To each their own. Leave the prudes alone!


When to talk to your child about sex


Most parents dread talking to their children about sex. It's important though, so be prepared.


I’m an author of a book that parents use to talk about things like sexual ethics, safety etc. (See happiness.jen-hancock.com). Parents use my book to jump start these important conversations with their kids. Here is my advice for when to start talking to your child about sex.

Ideally, you want open lines of communication so that when your child has questions they come to you. If they do, you will know when it is time to talk about sex because they will be asking questions about it. If you don’t have that sort of relationship, a book can help. You can read it with them and then see if they have questions.

I recently had to alert a neighbor that it was time to talk to their 13 year old boy about sex because of the questions he was asking me. He wanted to know about relationships and disease and stuff he has heard about and was trying to make sense of.

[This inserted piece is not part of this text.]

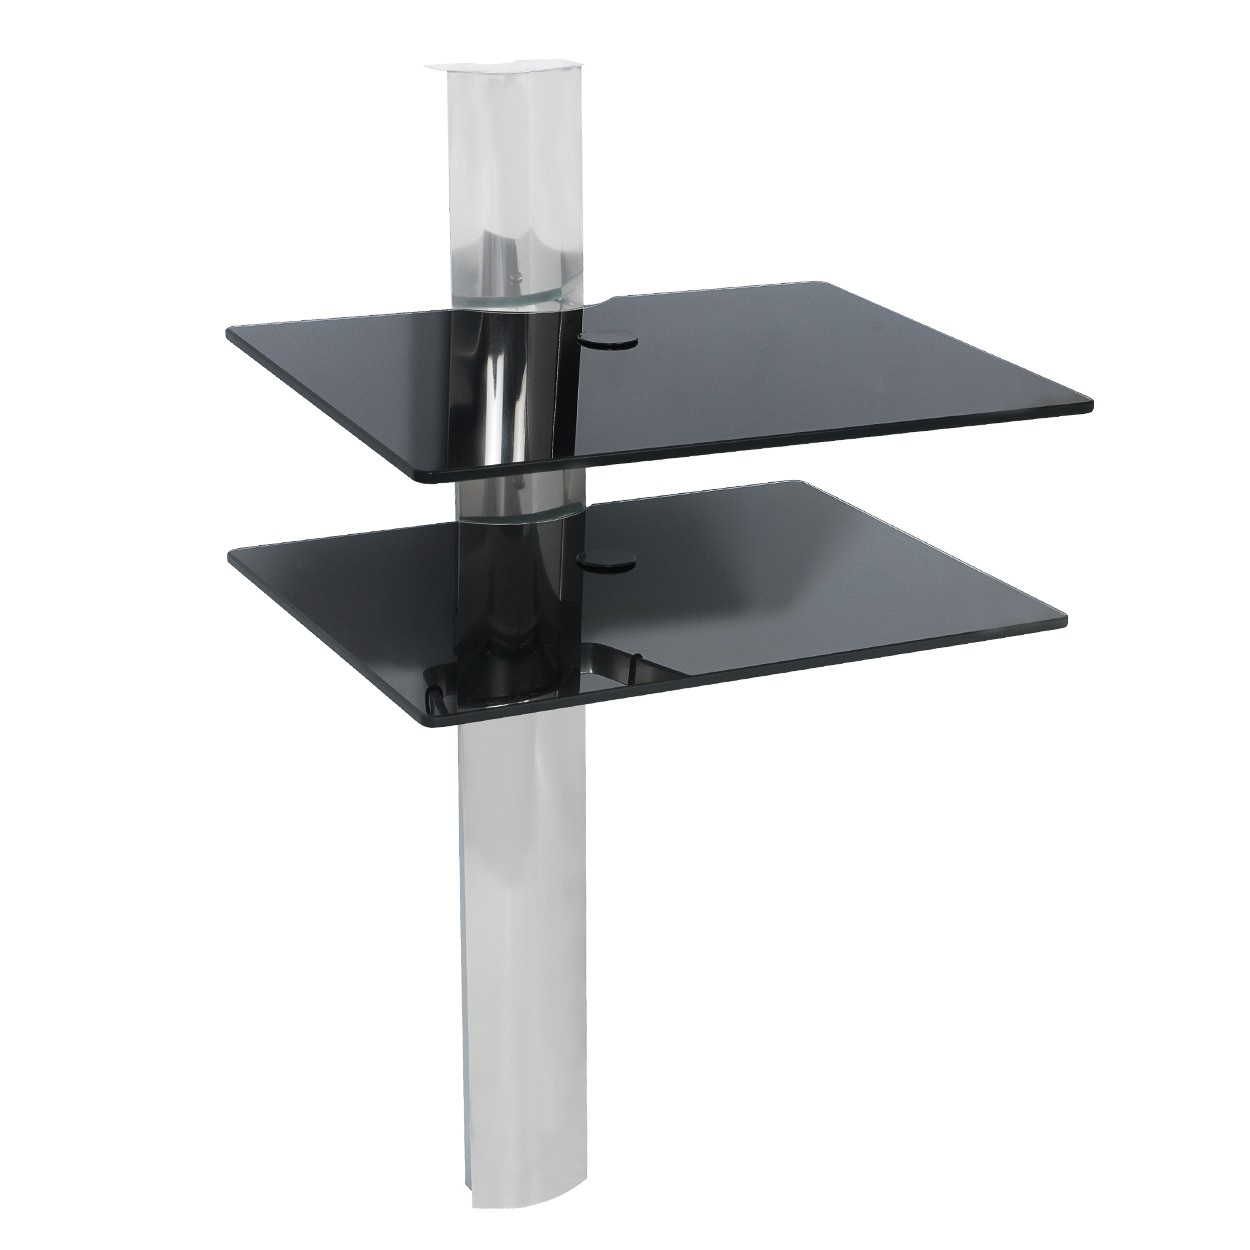 RACK SIMPLY 45/2 TI BLACK GLASS BLACK

I recommend that people make the time to ask questions of their kids as subjects come up. For instance, if you have watched a movie with some relationship in it – you can remind your kids that it is fantasy and that in real life, people don’t necessarily get together so quickly – usually they date. Ask them if they have questions, if they don’t, move on.

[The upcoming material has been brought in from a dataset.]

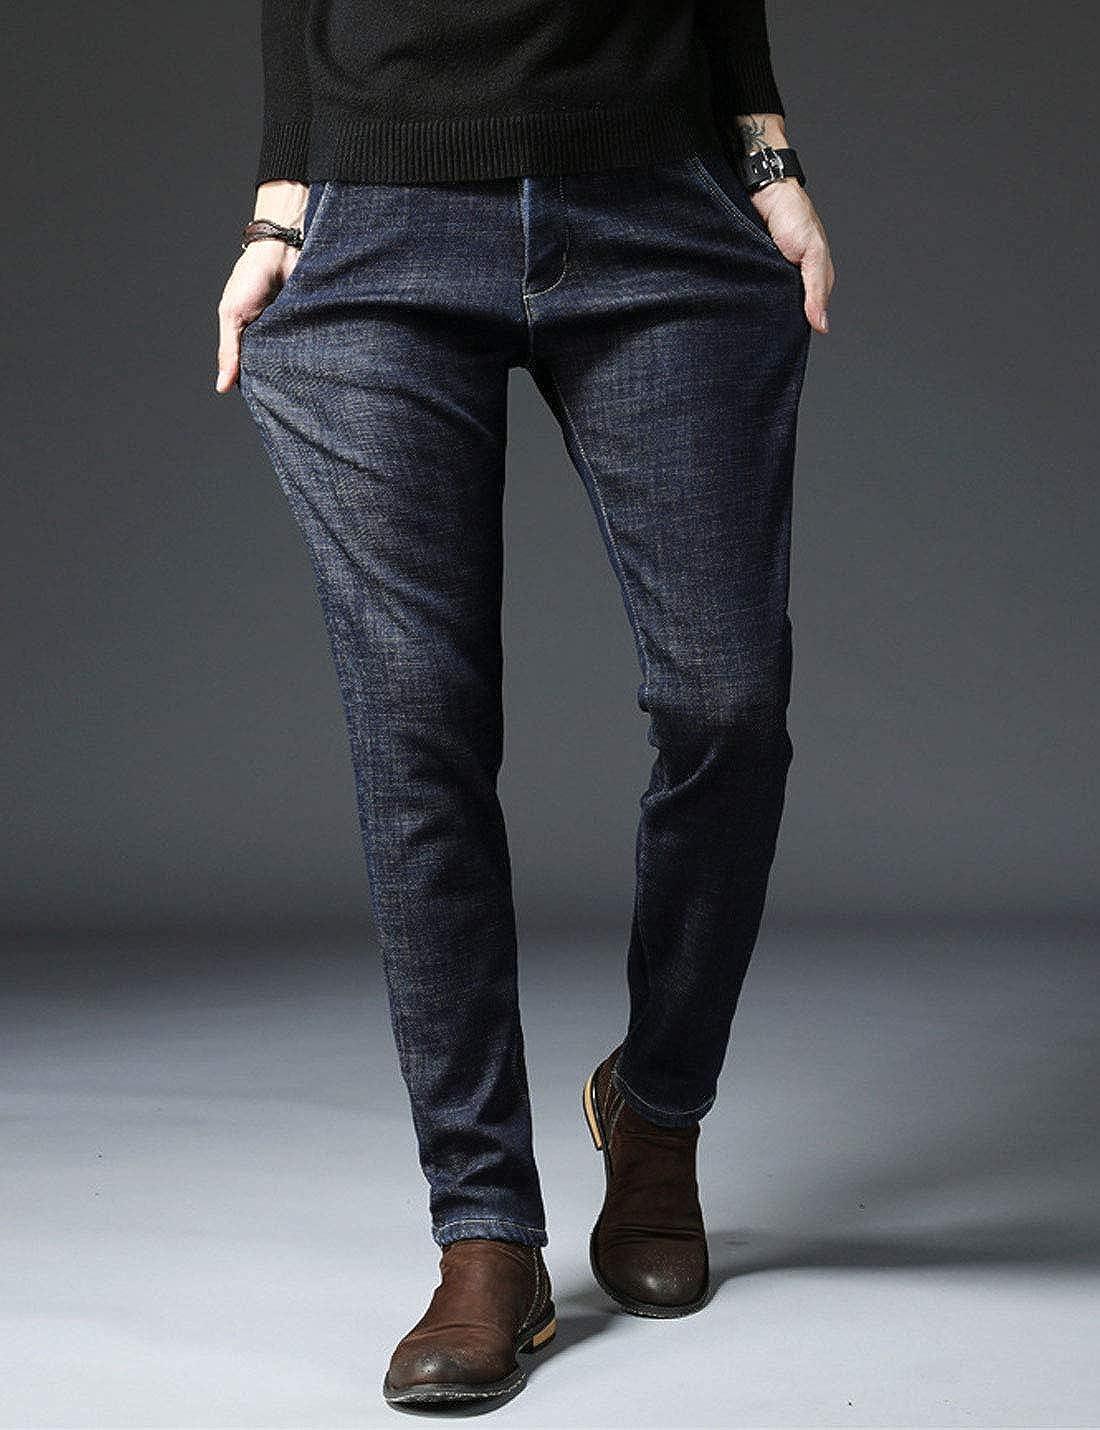 Omoone Mens Strech Slim Fit Fleece Lined Distressed Jeans Pants

I think the mistake parents make is in thinking they have to impart all their knowledge at once and then they are done. The reality is that your child needs lots of little conversations in context over time to digest and understand complex ideas – like dating and relationships.

The other mistake I see parents make is that they focus on the big issues – like sex and safety – and they forget the basics – like what is dating, why do people do it, what is the purpose etc. I wrote my book because my neighbor’s daughter had told me she was upset that her boyfriend hadn’t called her. It turned out to be a boy she had sex with but not dated. Her mom had failed to help her understand the very basics of what constitutes a relationship.

So, start right away, focus on relationships first – the conversations about how sex fits into relationships will occur naturally out of discussions about friendships, relationships, dating and so forth.

Plan for your sin


I am not a believer in the religious concept of sin. Though I do think there is a secular value in the word “sin.” It implies not simply that something is wrong, but that to do it will be to cause problems. And certainly, most things that are considered sinful have the potential to cause us problems.

Regardless, I was doing a radio show a while back on religious attitudes towards sex. I was the secular voice basically saying, enjoy yourself, just take care to not cause any harm while you do so. One of the female pastors who came on before me said something that stuck with me though. This was a black preacher and she said that one of the reasons the white community has fewer problems is because they plan for their sin better.  Specifically, she was referring to the fact whites use condom more and so experience fewer problems that are associated with unprotected sex like disease transmission and unplanned pregnancies.

 I loved this idea of planning for your sin. From a Humanist perspective, it isn’t that sex is inherently sinful. That’s a nonsense idea to us. However, we do understand that all of our actions have consequences and we should plan for those consequences to maximize the good and minimize the harm.

The idea that you can plan for your sin is actually a Humanistic idea. It is rooted in the idea of human agency, that we humans have the capability to choose our actions and therefore, to a certain extent, choose our consequences. We aren’t victims of fate, we can, in fact, plan for our sin, though I prefer to think of it as accentuating the positive and eliminating the negative.